Personal information
- Full name: Rubens Raimundo da Silva
- Date of birth: 10 October 1989 (age 36)
- Place of birth: Recife, Brazil
- Height: 1.76 m (5 ft 9 in)
- Position: Attacking midfielder

Team information
- Current team: Santa Cruz

Youth career
- Santa Cruz

Senior career*
- Years: Team / Apps / (Gls)
- 2008–2009: Santa Cruz / 9 / (0)
- 2008: → Icasa (loan)
- 2009: → Centro Limoeirense (loan)
- 2010: Bragantino / 7 / (1)
- 2010–2012: Ituano / 0 / (0)
- 2011: Caldense / 0 / (0)
- 2011: Boa Esporte / 4 / (0)
- 2012: Chapecoense / 8 / (0)
- 2012–2013: ABC / 2 / (0)
- 2013: Red Bull Brasil / 0 / (0)
- 2013: Ituano / 0 / (0)
- 2014–2015: Goiás / 30 / (2)
- 2015: Coritiba / 14 / (0)
- 2016–2017: Náutico / 8 / (0)
- 2017: → Fortaleza (loan) / 0 / (0)
- 2018: Anapolina / 0 / (0)
- 2018: Aparecidense / 1 / (0)
- 2018: Cuiabá / 1 / (0)
- 2018–2019: Najran
- 2019: Bhayangkara / 0 / (0)
- 2020–: Gama / 0 / (0)

= Esquerdinha (footballer, born 1989) =

Brazilian footballer

Rubens Raimundo da Silva (born 10 October 1989), commonly known as Esquerdinha, is a Brazilian professional footballer who play as an attacking midfielder for Gama.

==Career==
Born in Recife, Pernambuco, Esquerdinha graduated with Santa Cruz's youth setup. He subsequently represented Icasa, Centro Limoeirense, Bragantino, Ituano, Caldense, Boa Esporte, Chapecoense, ABC and Red Bull Brasil before returning to Ituano in May 2013.

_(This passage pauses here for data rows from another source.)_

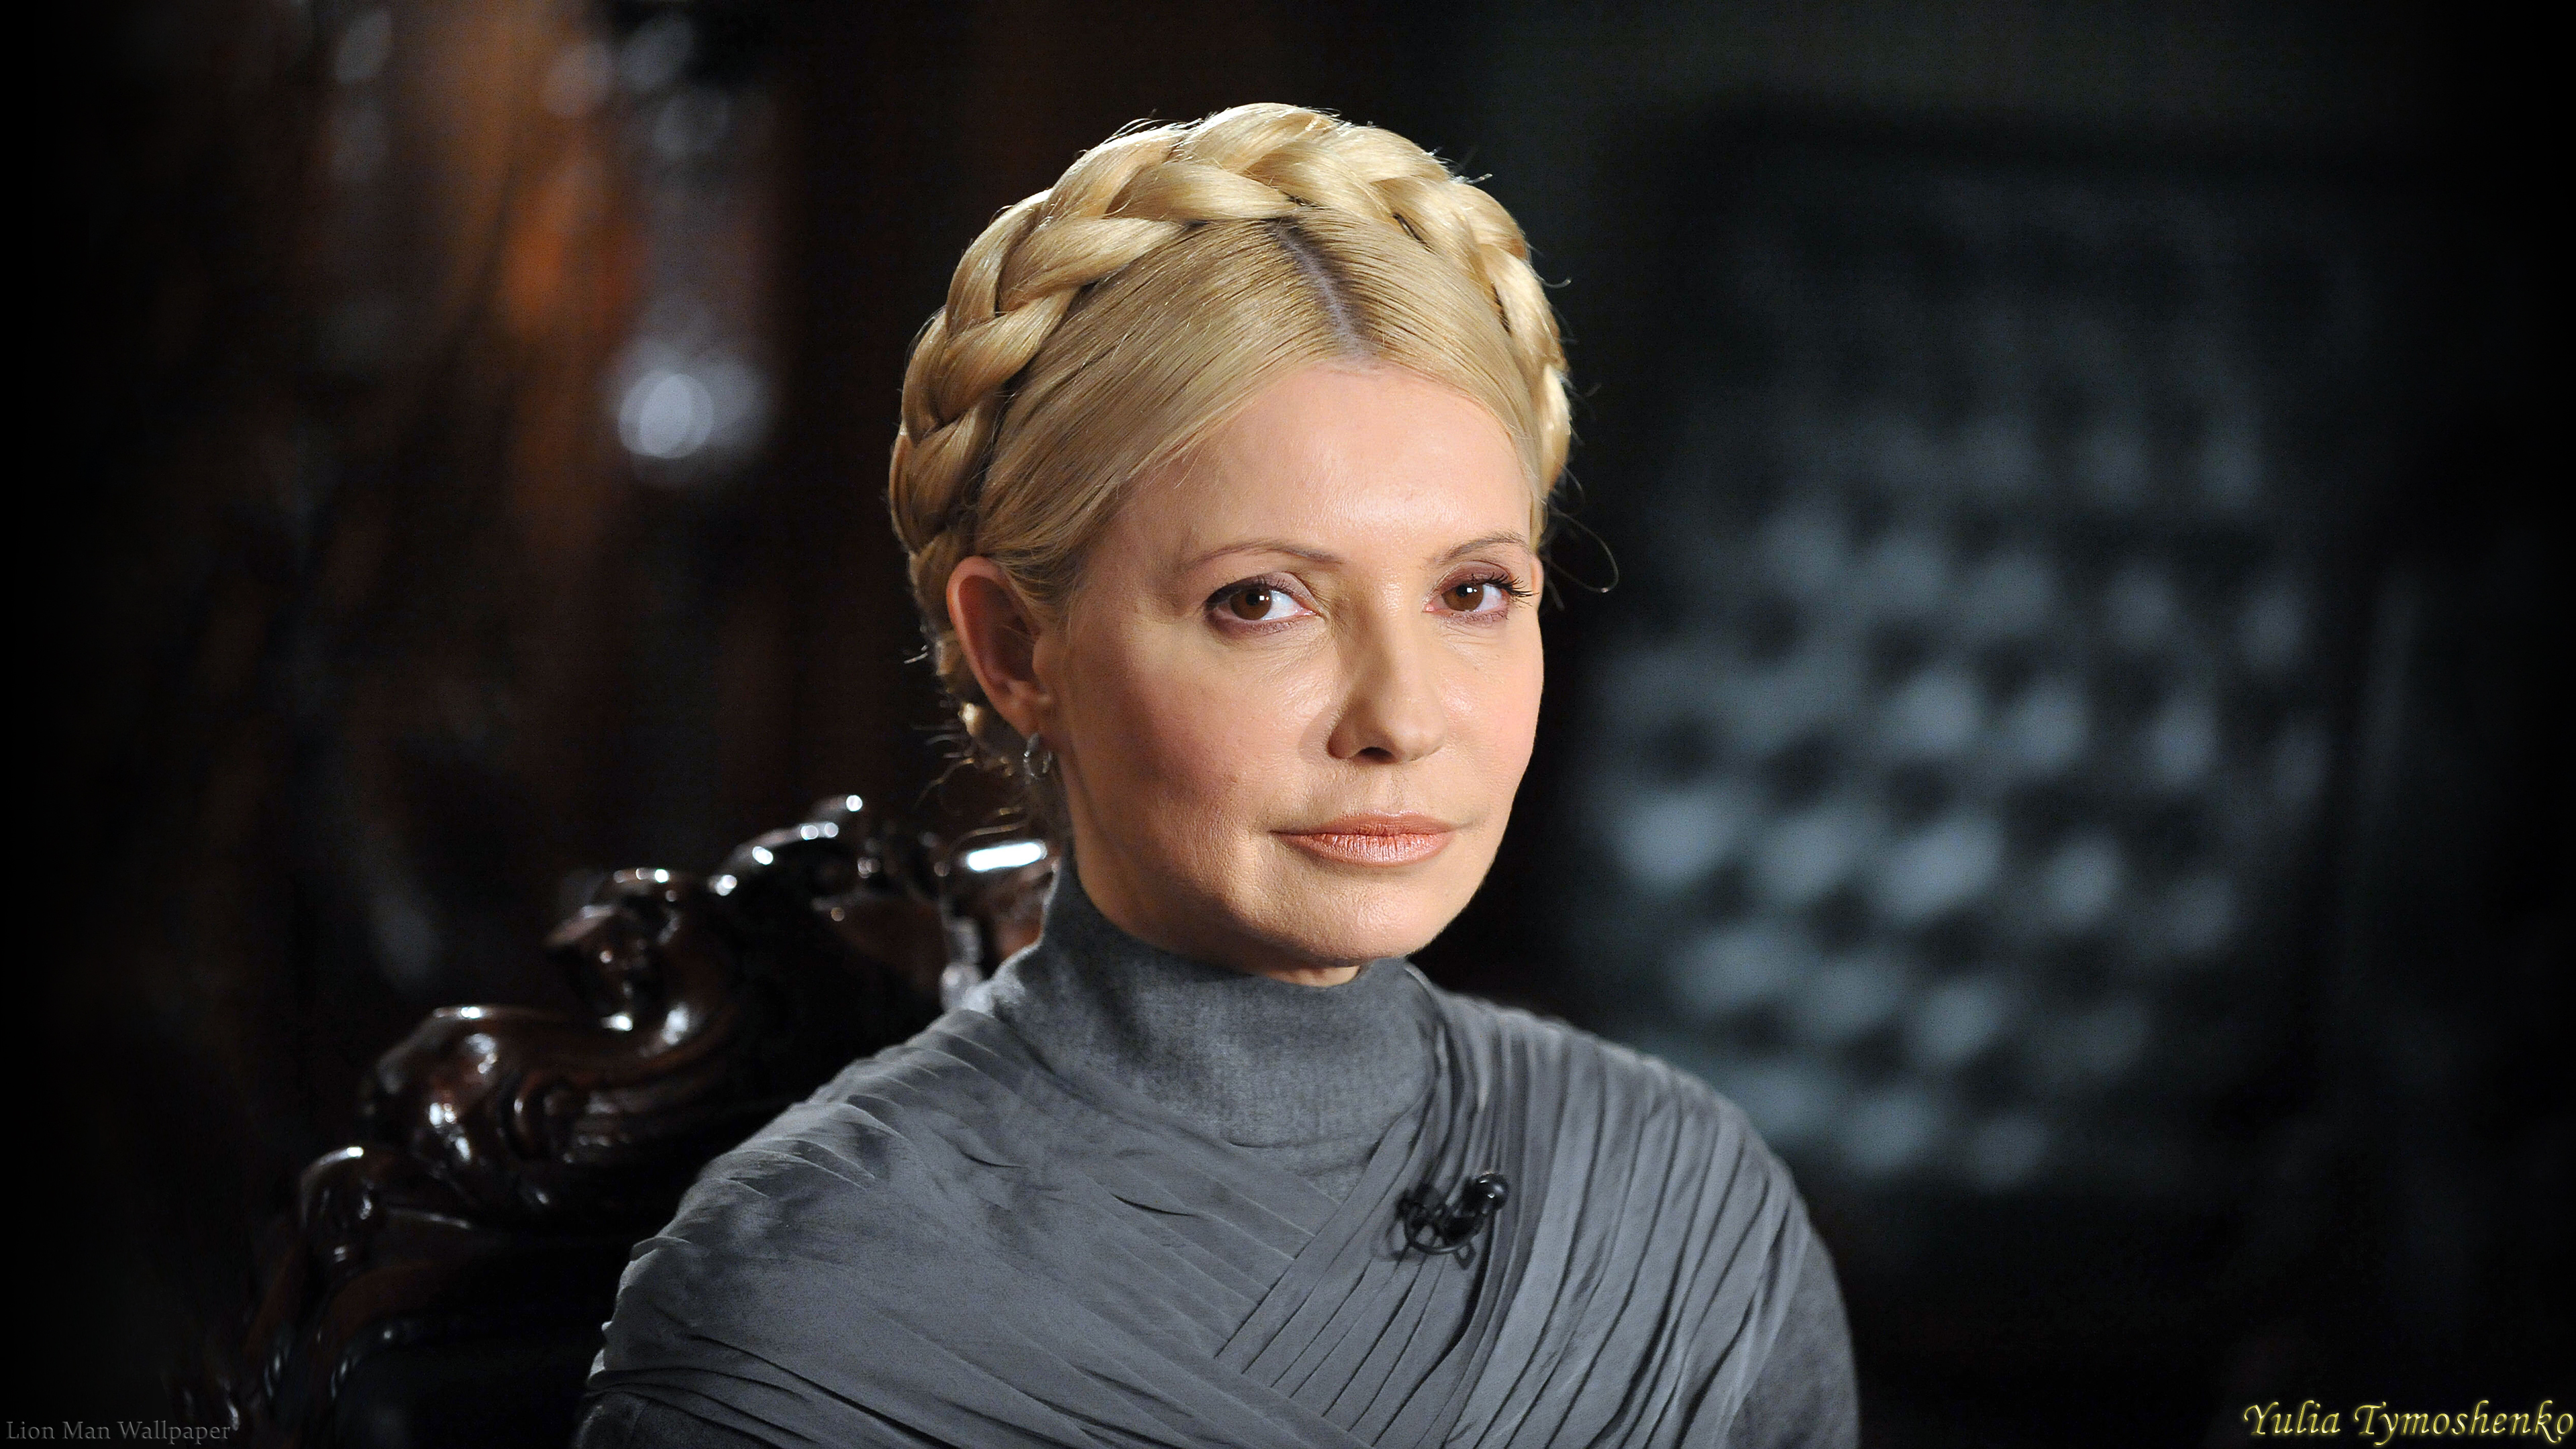 Yulia Tymoshenko's Signature Braided Hair - wide 3
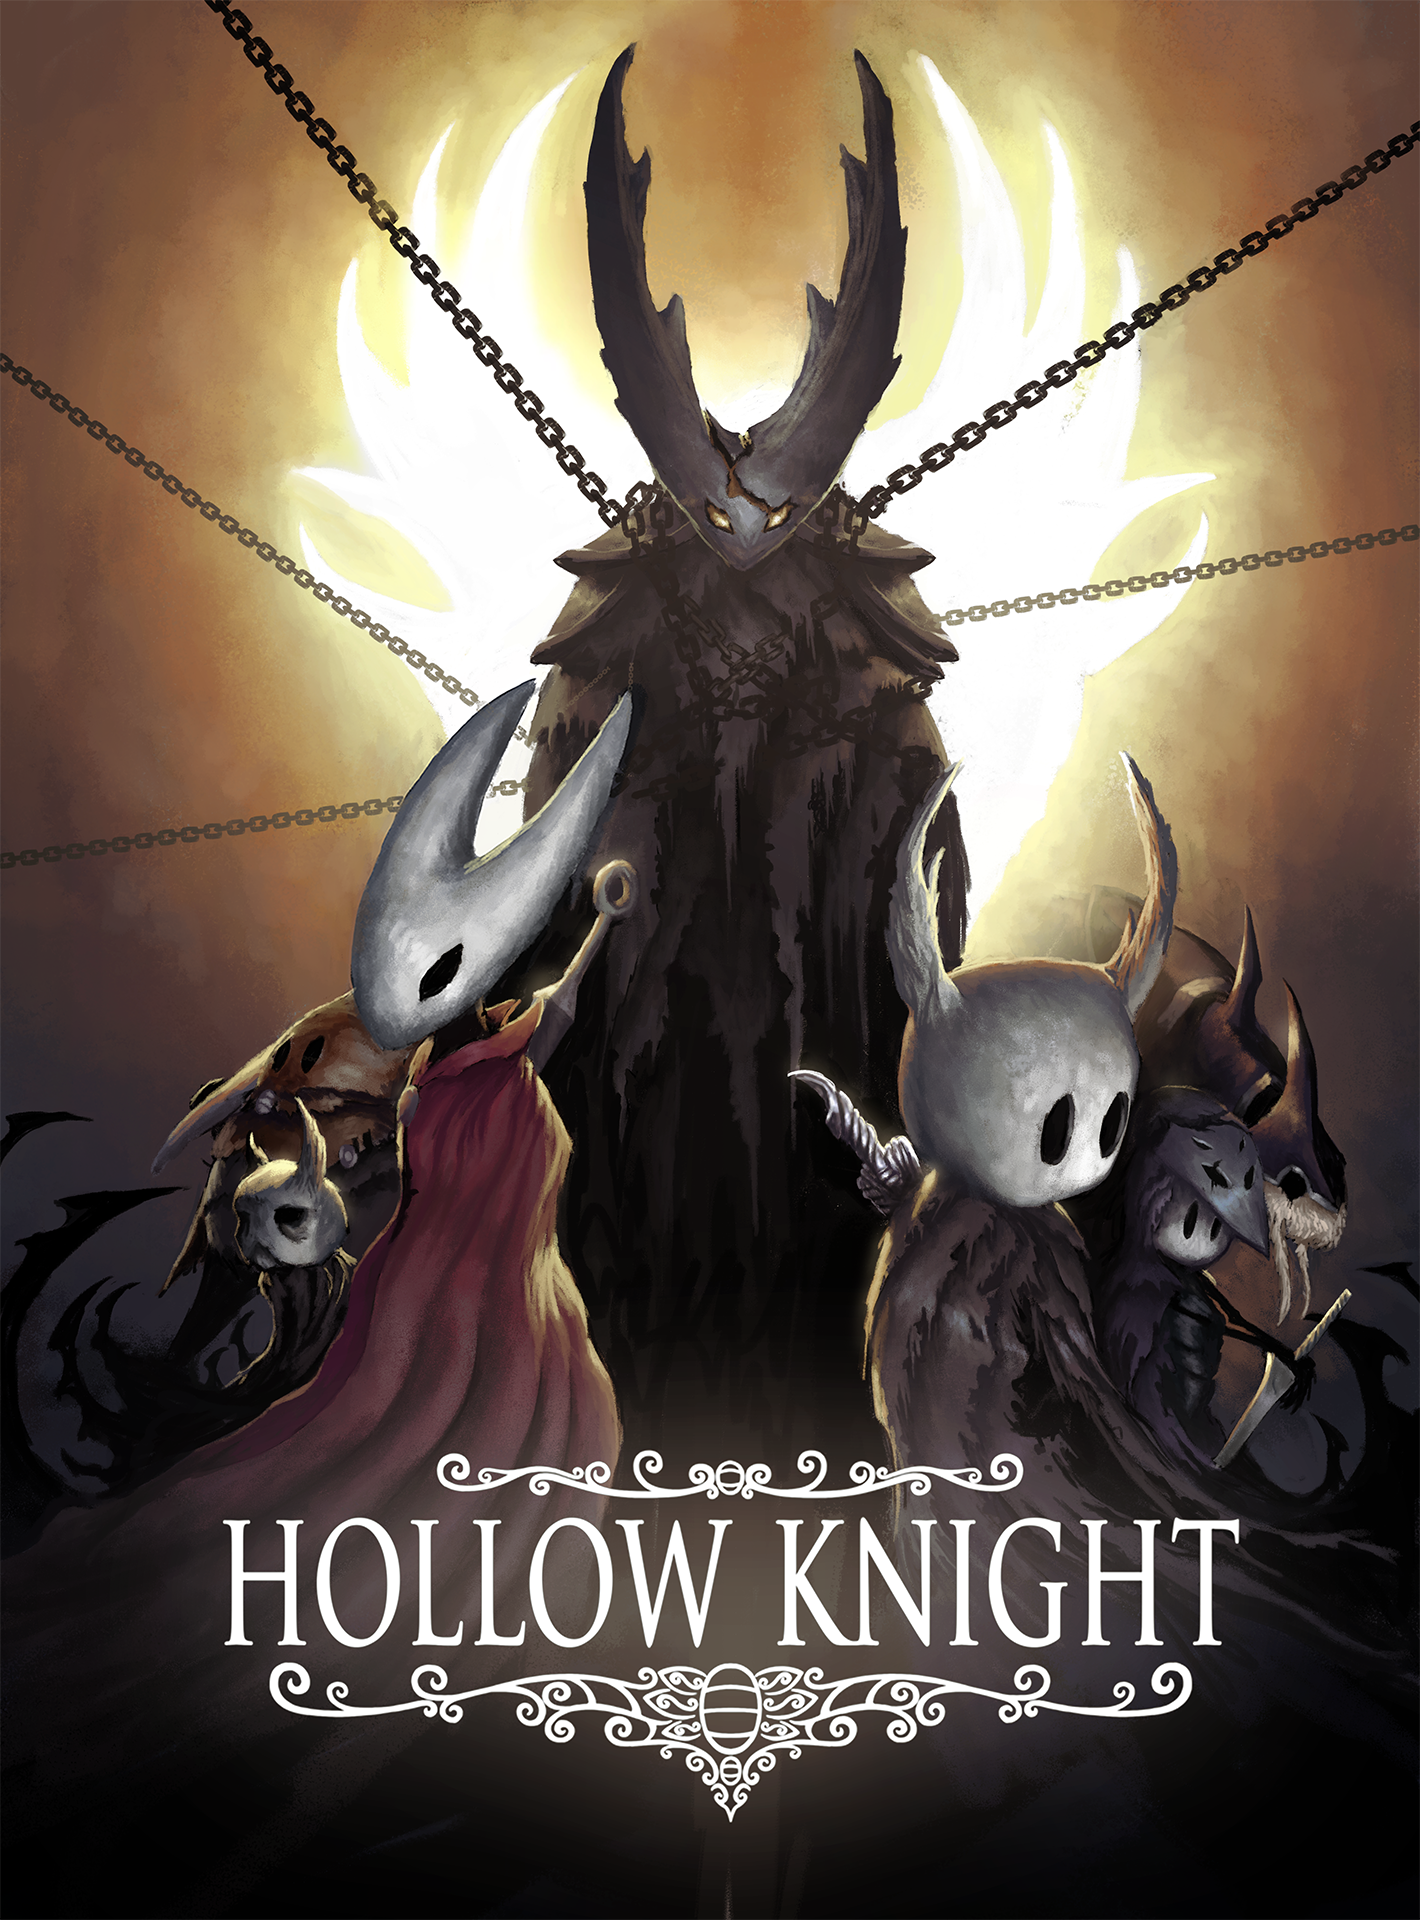 Hollow Knight (Poster) by Istrandar on DeviantArt
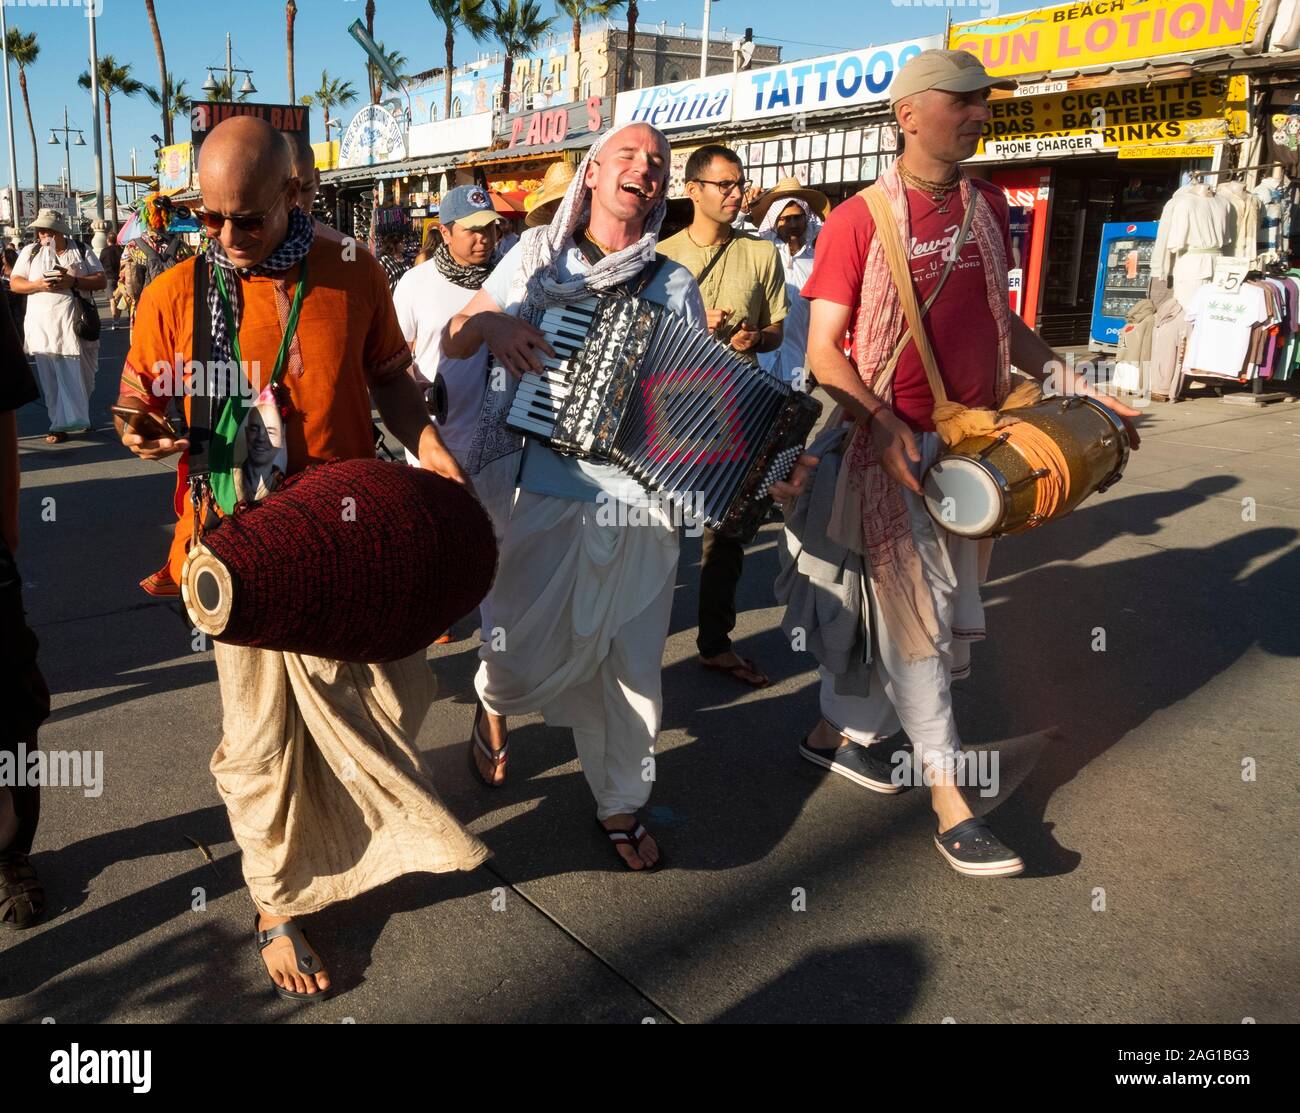 Hare Krishna band, Venice Beach, Los Angeles, California, USA Stock Photo

On 29 April 2014, after being crowned champions of the year's Campeonato Paulista, Esquerdinha signed a two-year deal with Goiás. He made his debut in the competition on 10 May, coming on as a second-half substitute in a 2–0 away loss against Palmeiras, and scored his first goal on 21 September, netting the second in a 6–0 home routing of the same opponent.

On 3 March 2019, Esquerdinha officially joined Indonesian club Bhayangkara. He played four games for the club in the Indonesia President's Cup, but on 13 April the club announced, that they had released the player in preparation for the 1st League of the 2019 season.